Patient and Family Collaboration in Design and Continuous Improvement of Access and Scheduling Systems
— Design/re-design: Any time groups meet to design or redesign access to and scheduling of care, patients and family representatives are full members of the design team from the beginning through the end of the process.
— Continuous improvement: The voice of the patient and family is sought as a key collaborator in improvement.
— Construct design: Embracing application of the findings on high reliability and mindfulness is a helpful illustration (Weick and Sutcliffe, 2001).
— Transparency of real-time performance is the goal.
— Improvement practice is grounded in high-reliability principles of mindfulness as explained in Table A-1.
TABLE A-1 Application of Mindfulness to Patient- and Family- (P&F-) Centered Access and Scheduling
| Principle | Definition | Applications to Scheduling |
| Preoccupation with failure | Regarding small, inconsequential errors as a symptom that something is wrong; finding the half-event | Staff asking, P&F reporting, and everyone listening to what P&Fs experienced in access and scheduling or almost experienced. |
| Sensitivity to operations | Paying attention to what’s happening on the front-line | Staff seeks to understand from P&F the gap between system designs on paper versus actual delivered. P&F are probed for their experience as they moved over time and across the continuum. |
| Reluctance to simplify | Encouraging diversity in experience, perspective, and opinion | Staff measures the effectiveness in meeting what matters most to P&F. Diverse counsel is sought in all system design. “One-size-fits-all” solutions are rejected. |
| Commitment to resilience | Developing capabilities to detect, contain, and bounce back from events that do occur | There is a commitment to resilience. Whenever things go wrong, P&F are engaged in the solution. All simulations of new processes are conducted in partnership with P&F. |
| Deference to expertise | Pushing decision making down and around to the person with the most related knowledge and expertise | There is respect for all that the P&F bring as partners in care at every level of the organization. |
IOM (Institute of Medicine). 2001. Crossing the quality chasm: A new health system for the 21st century. Washington, DC: National Academy Press.

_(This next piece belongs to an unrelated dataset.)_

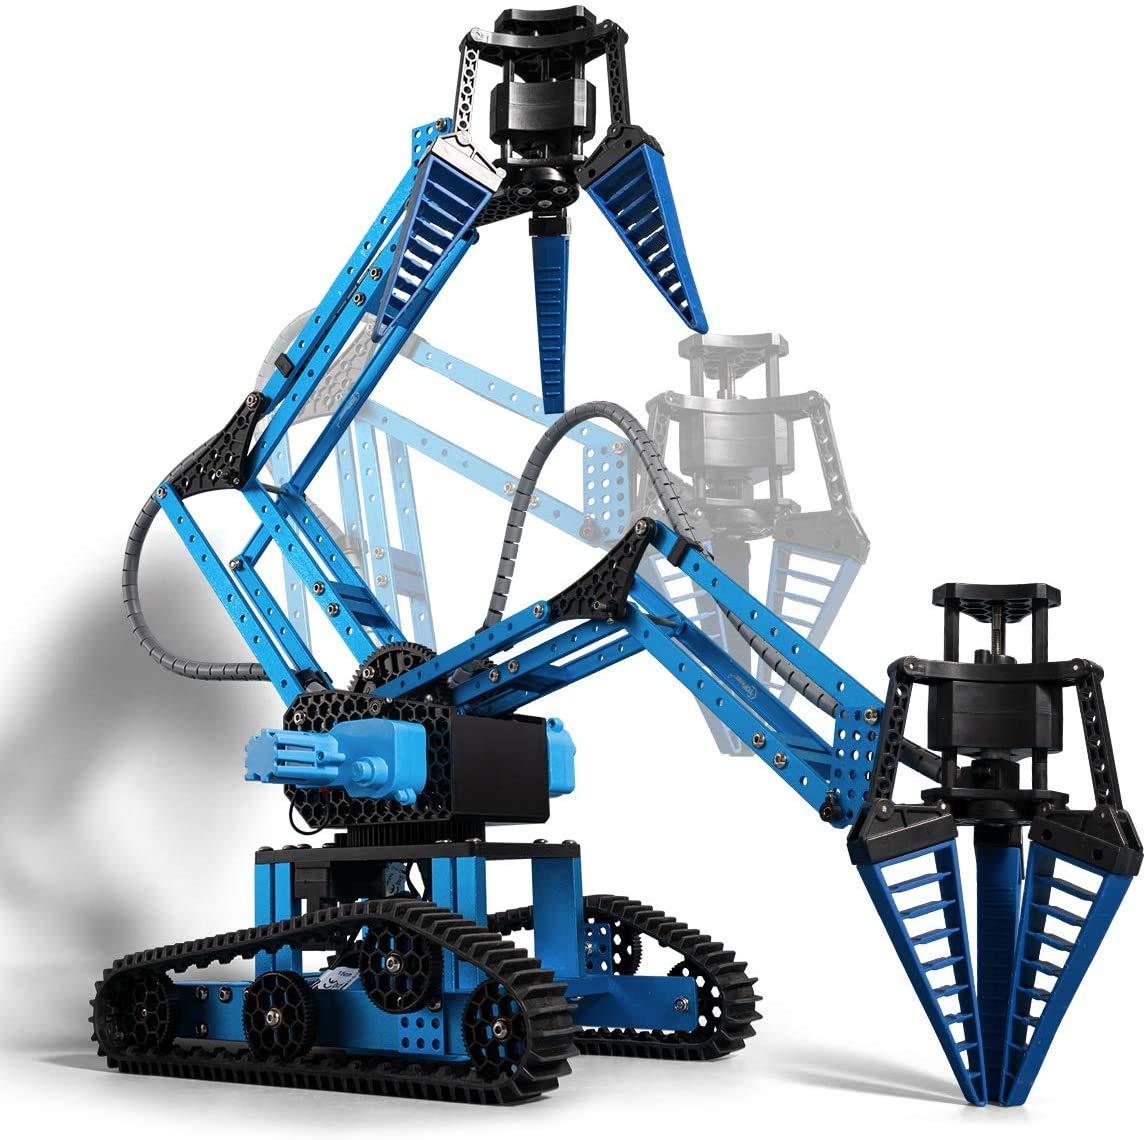 Top Race Remote Control RC Robot Arm, Alloy Metal Mechanical Robotic Arm Building Kit, DIY Take Apart Stem Excavator Robot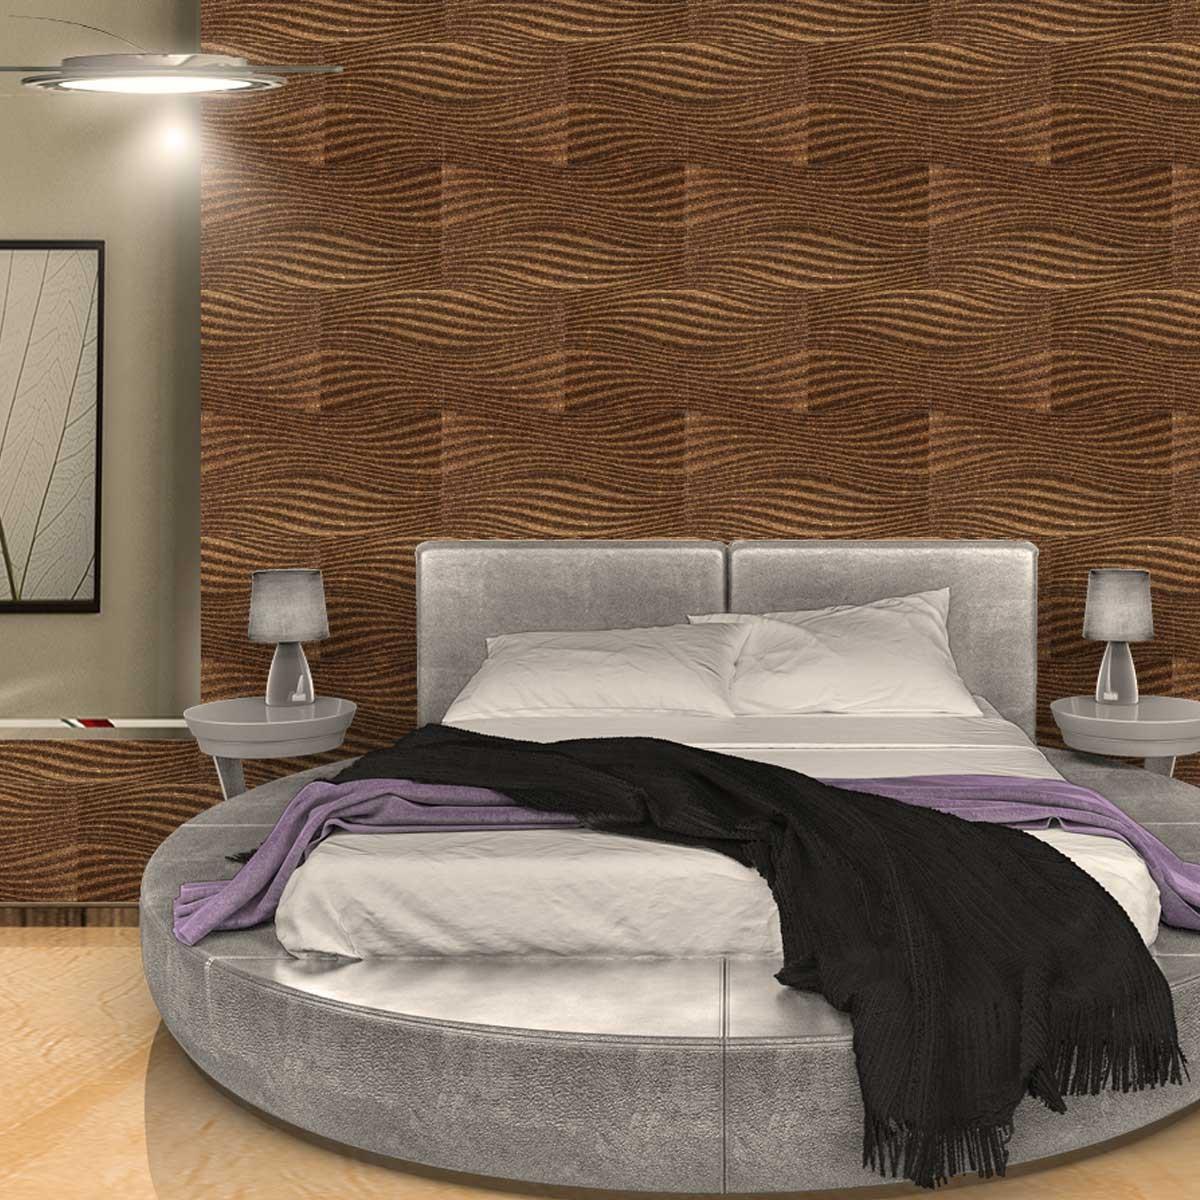 Pannelli decorativi 3d per pareti e soffitti - Parete di sughero ...

IOM. 2011. Patients charting the course: Citizen engagement and the learning health system: Workshop summary. Washington, DC: The National Academies Press.
IPFCC (Institute for Patient- and Family-Centered Care). 2010. What are the core concepts of patient- and family-centered care? http://www.ipfcc.org/faq.html (accessed November 3, 2014).
Weick, K. E., and K. M. Sutcliffe. 2001. Managing the unexpected: Assuring high performance in an age of complexity. Hoboken, NJ: Wiley.